O filme salienta a originalidade de um delicioso pastiche filosófico-político-musical. O nome do bloco, segundo um dos fundadores, veio de um jogo de palavras em torno de "Gunga Din", o nome de um filme popular em Salvador, que mostrava a guerra de homens vestidos de branco e turbante contra o exército inglês.
Na década de 40, Mahatma Gandhy liderou um movimento pacifista pela independência da Índia. O bloco homenageia a luta pela paz do líder hindu. E, no destaque, vai Raimundo, que a essa altura já assina Gandhy, óculos, canga branca, sandálias, cabelos cortados ao estilo ascético da celebridade política.
E 50 anos depois, com 12 mil e tantos membros à época do filme, o bloco não pára de crescer. Atento aos detalhes do cotidiano da associação na preparação do desfile, o documentário filmado em película, dirigido por Lula Buarque de Holanda, com a participação de Gilberto Gil, entrevista os atuais dirigentes, assim como vários fundadores que continuam fiéis e convictos participantes do bloco.

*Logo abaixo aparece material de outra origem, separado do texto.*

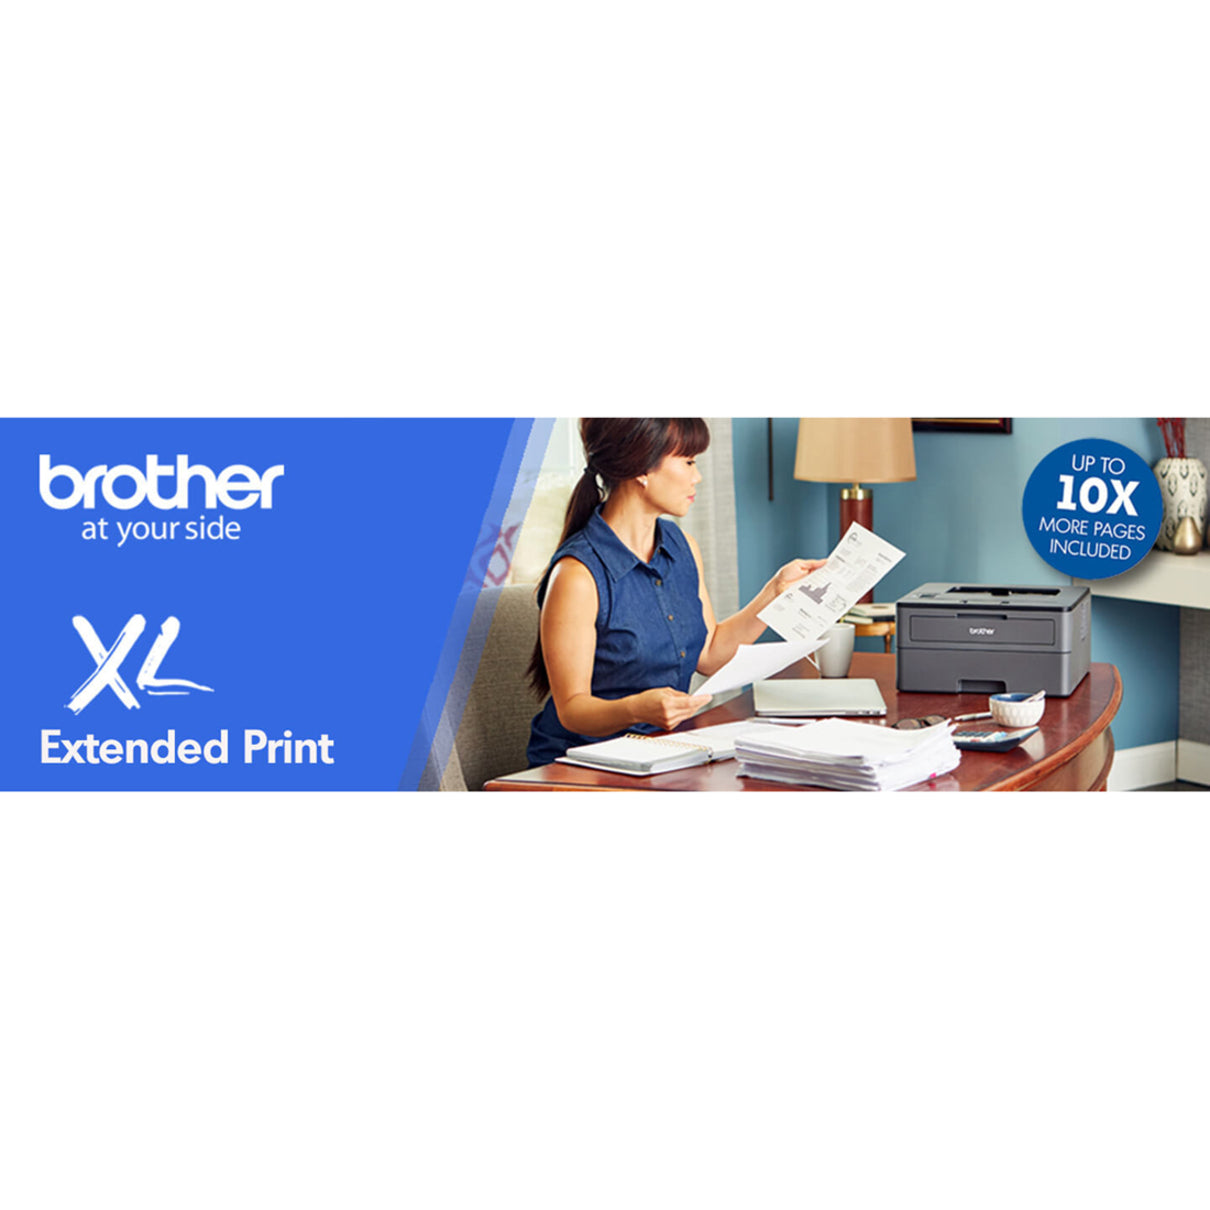 Brother HL-L2370dwXL HL-L2370DWXL Laser Printer, Monochrome, Automatic Duplex Printing, Wireless Printing, 36 ppm, 2400 x 600 dpi

"Filhos de Gandhy" revela com delicadeza a emoção de ser membro dessa comunidade sui generis. A lógica da homenagem axé a Ogum, Ocanha, Oxum, Iansã, Obá, Oxalá. Os olhos de Gilberto Gil se enchem de lágrimas ao descrever a sensação de desfilar como parte daquele coletivo vibrante. Uma massa impressionante meio misógina, de homens vestidos com batas longas e turbantes brancos transmite uma idéia de homogeneidade.
Mas "Filhos de Gandhy" vai além do já valioso recuperar a história de uma das instituições do Carnaval da Bahia. O filme penetra, escrutina e estimula o espírito multicultural que inspira seus membros desde o início e que bem se adapta aos tempos de globalização exacerbada.
A equipe da Conspiração filmes levou Raimundo Gandhy, Gilberto Gil e outros participantes do bloco à Índia. O parente baiano do ídolo local foi reverenciado com flores por mulheres vestidas em cores fortes.
Sua semelhança com o libertador da Índia foi reconhecida em encontros filosóficos-musicais onde brasileiros e indianos experimentaram as diferenças e semelhanças de seus instrumentos específicos. A flauta, o violão, o agogô mediaram a conversa e a performance de uma experiência cultural única. E os foliões de Salvador, que no início dos anos 70, quando Gilberto Gil voltou do exílio, quase deixaram de desfilar, vão transcendendo seu jeito de estar no mundo.